Мы подбежали. В правом боку дымилась рана, в левом — сочилась кровь, пуля пробила сердце и легкие.
Хотя признаки жизни уже видимо исчезли, но мы решили позвать доктора. По предварительному нашему приглашению присутствовать при дуэли, доктора, к которым мы обращались, все наотрез отказались. Я поскакал верхом в Пятигорск, заезжал к двум господам медикам, но получил такой же ответ, что на место поединка по случаю дурной погоды (шел проливной дождь) они ехать не могут, а приедут на квартиру, когда привезут раненого.
Когда я возвратился, Лермонтов уже мертвый лежал на том же месте, где упал; около него Столыпин, Глебов и Трубецкой. Мартынов уехал прямо к коменданту объявить о дуэли.

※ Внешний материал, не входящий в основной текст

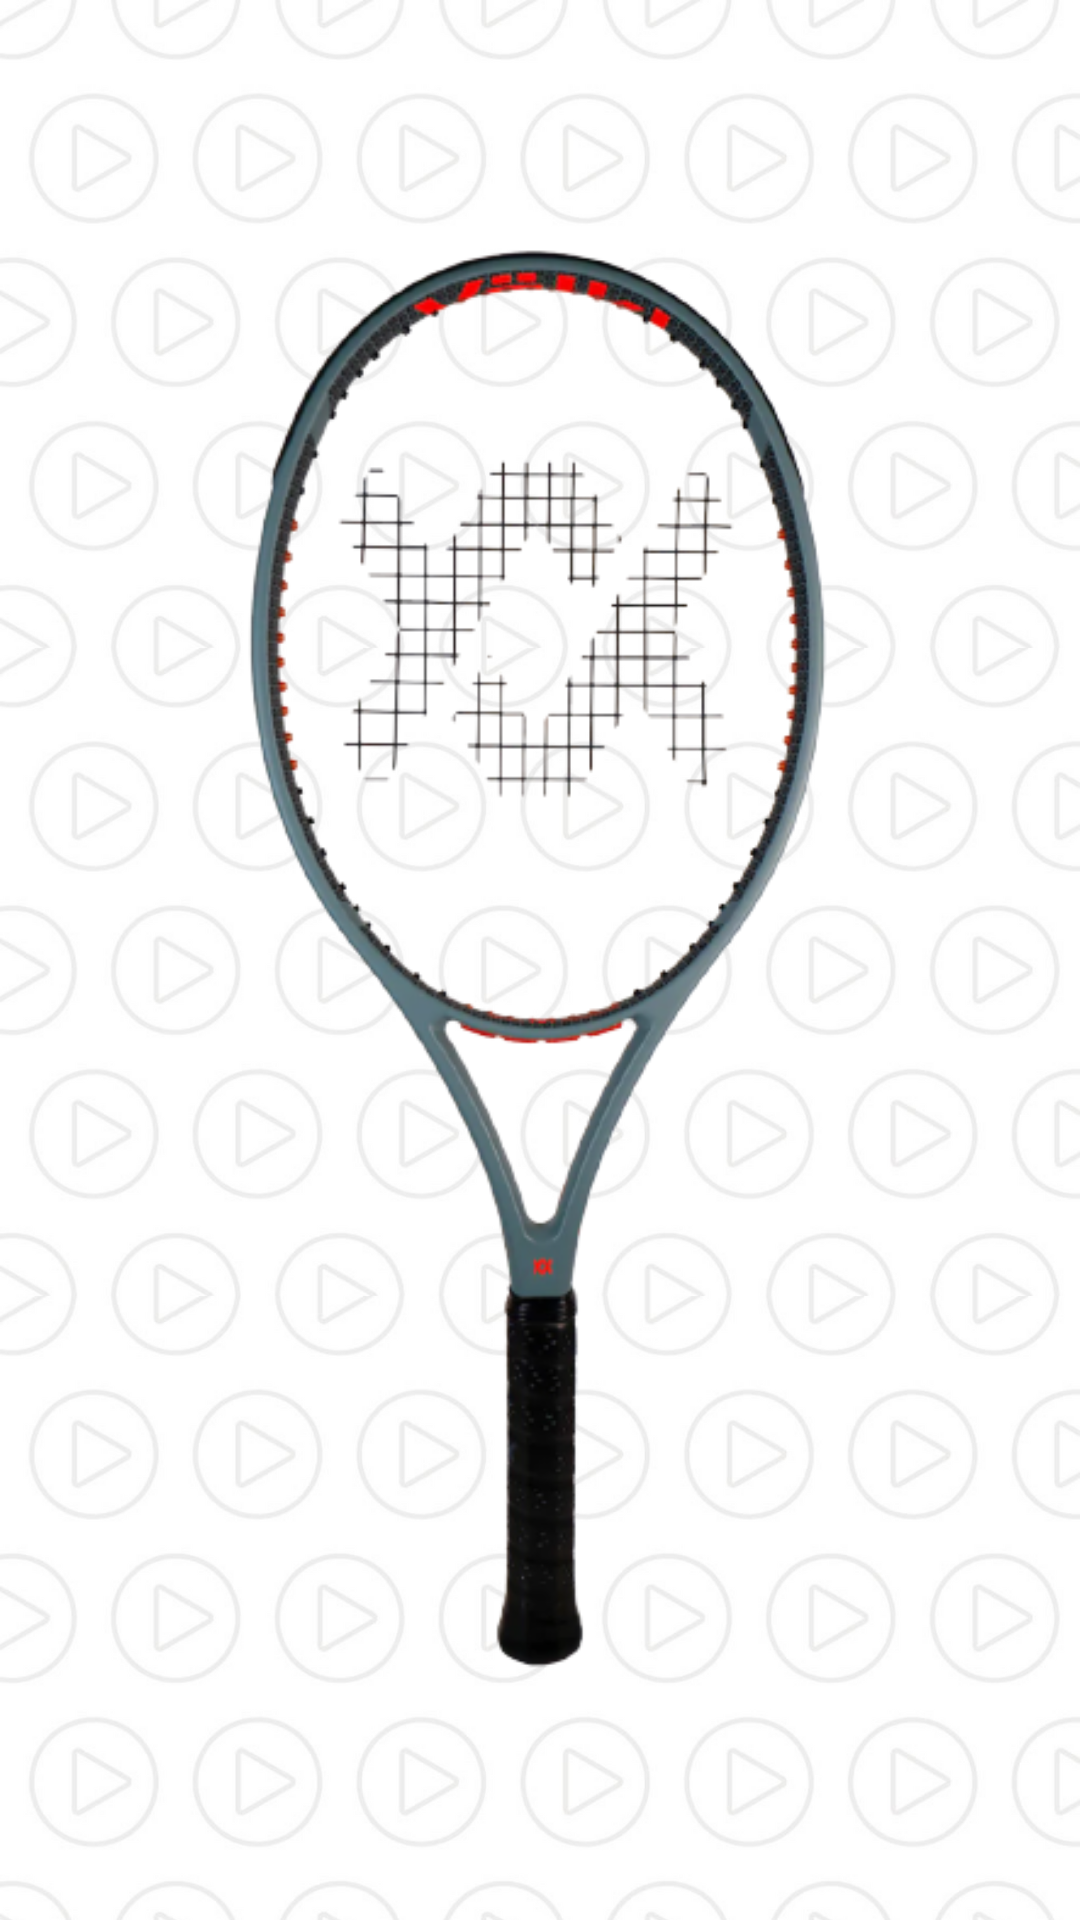 Tennis Racquet for Beginner and Intermedia players Volkl model VCELL V1 MP

Черная туча, медленно поднимавшаяся на горизонте, разразилась страшной грозой, и перекаты грома пели вечную память новопреставленному рабу Михаилу. Столыпин и Глебов уехали в Пятигорск, чтобы распорядиться перевозкой тела, а меня с Трубецким оставили при убитом. Как теперь, помню странный эпизод этого рокового вечера; наше сиденье в поле при трупе Лермонтова продолжалось очень долго, потому что извозчики, следуя примеру храбрости гг. докторов, тоже отказались один за другим ехать для перевозки тела убитого. Наступила ночь, ливень не прекращался... Вдруг мы услышали дальний топот лошадей по той же тропинке, где лежало тело, и, чтобы оттащить его в сторону, хотели его приподнять; от этого движения, как обыкновенно случается, спертый воздух выступил из груди, но с таким звуком, что нам показалось, что это живой и болезный вздох, и мы несколько минут были уверены, что Лермонтов еще жив.

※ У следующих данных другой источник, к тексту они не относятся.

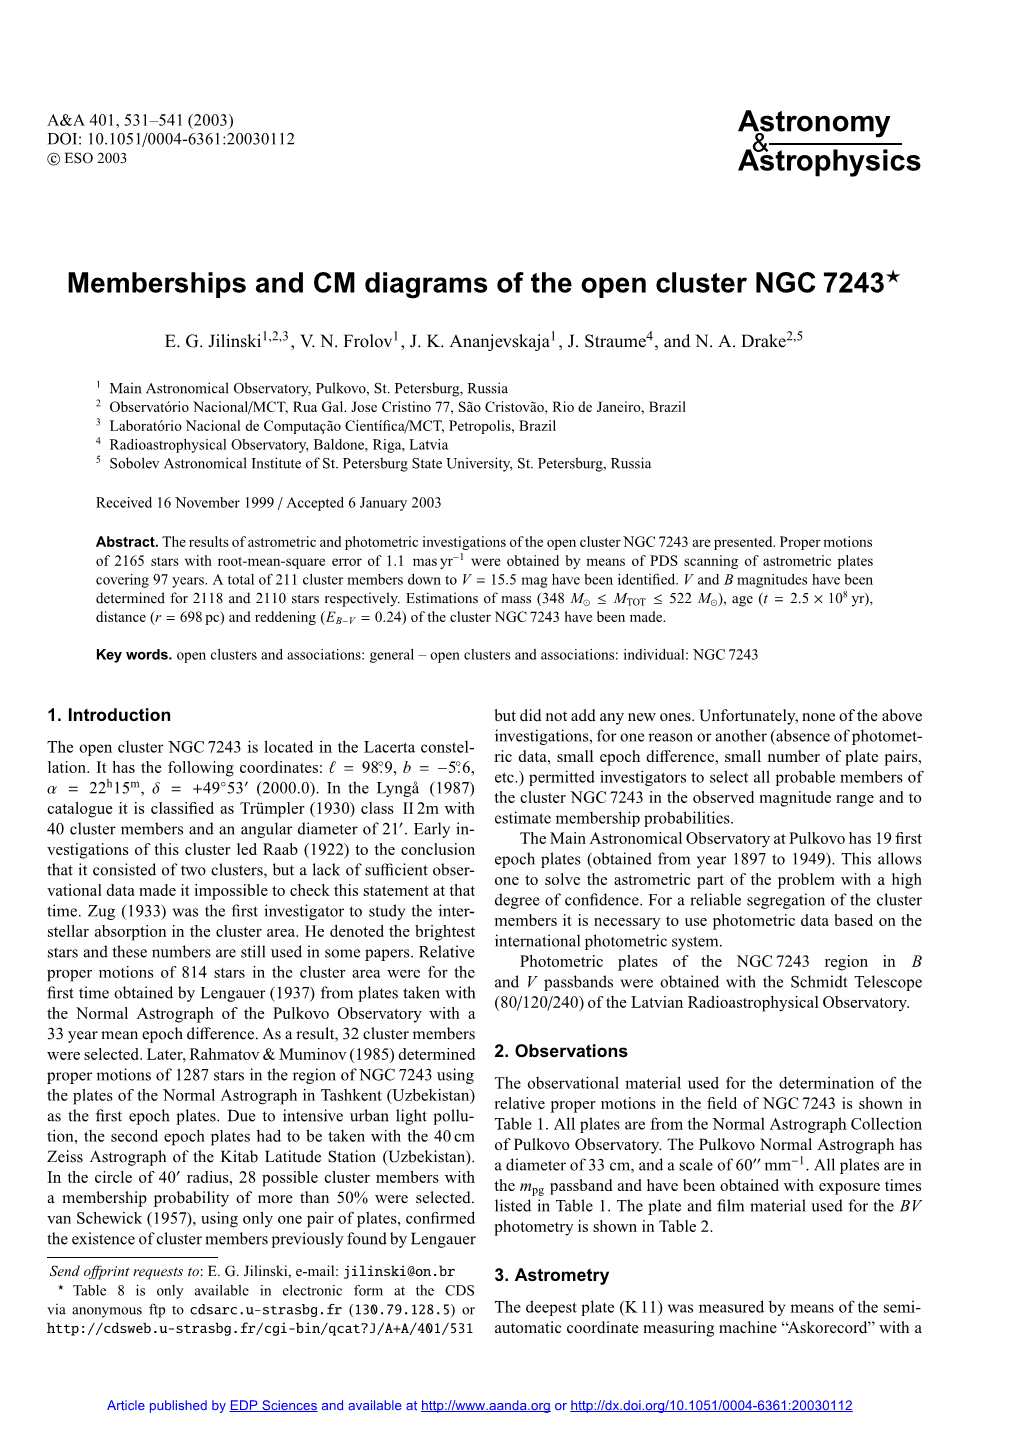 Memberships and CM Diagrams of the Open Cluster NGC 7243?

Наконец, часов в одиннадцать ночи, явились товарищи с извозчиком, наряженным, если не ошибаюсь, от полиции. Покойника уложили на дроги, и мы проводили его все вместе до общей нашей квартиры.

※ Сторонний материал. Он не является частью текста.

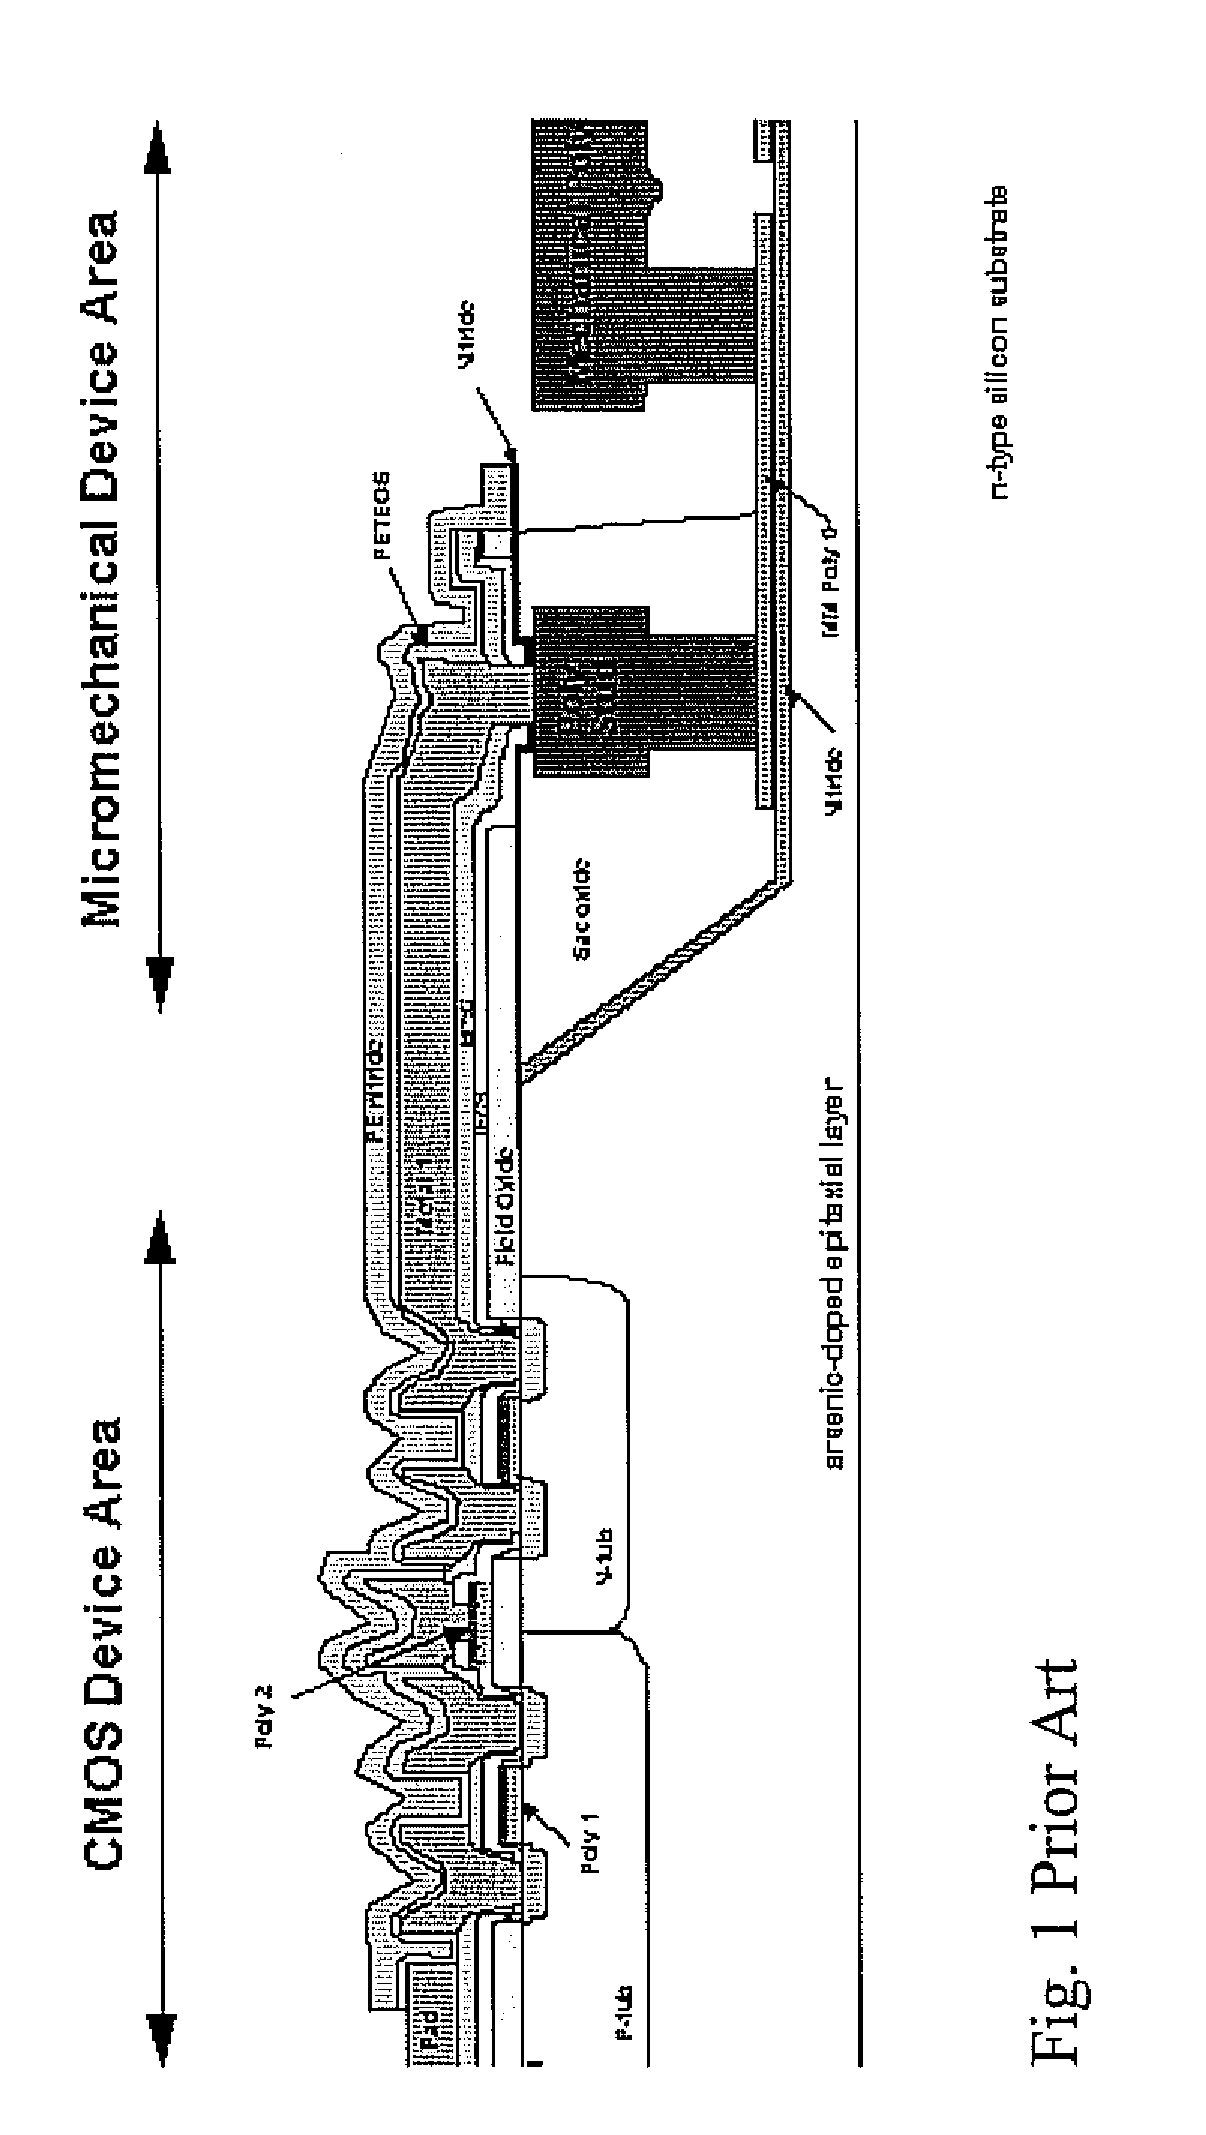 Method of forming monolithic CMOS-MEMS hybrid integrated, packaged structures

Вот и все, что я могу припомнить и рассказать об этом происшествии, случившемся 15 июля 1841 года и мною описываемом в июле 1871 года, ровно через тридцать лет. Если в подробностях вкрались ошибки, то я прошу единственного оставшегося в живых свидетеля Н. С. Мартынова их исправить. Но за верность общего очерка я ручаюсь.
Нужно ли затем возражать на некоторые журнальные статьи, придающие, для вящего прославления Лермонтова, всему этому несчастному делу вид злонамеренного, презренного убийства? Стоит ли опровергать рассказы вроде того, какой приведен в статье «Всемирного труда» (1870 года № 10), что будто бы Мартынов, подойдя к барьеру, закричал: «Лермонтов! Стреляйся, а не то убью», и проч., проч.; наконец, что должно признать вызовом, слова ли Лермонтова «потребуй у меня удовлетворения» или последовавшее затем и почти вынужденное этими словами самое требование от Мартынова.
Положа руку на сердце, всякий беспристрастный свидетель должен признаться, что Лермонтов сам, можно сказать, напросился на дуэль и поставил своего противника в такое положение, что он не мог его не вызвать.
Я, как свидетель дуэли и друг покойного поэта, не смею судить так утвердительно, как посторонние рассказчики и незнакомцы, и не считаю нужным ни для славы Лермонтова, ни для назидания потомства обвинять кого-либо в преждевременной его смерти. Этот печальный исход был почти неизбежен при строптивом, беспокойном его нраве и при том непомерном самолюбии или преувеличенном чувстве чести (point d'honneur), которое удерживало его от всякого шага к примирению.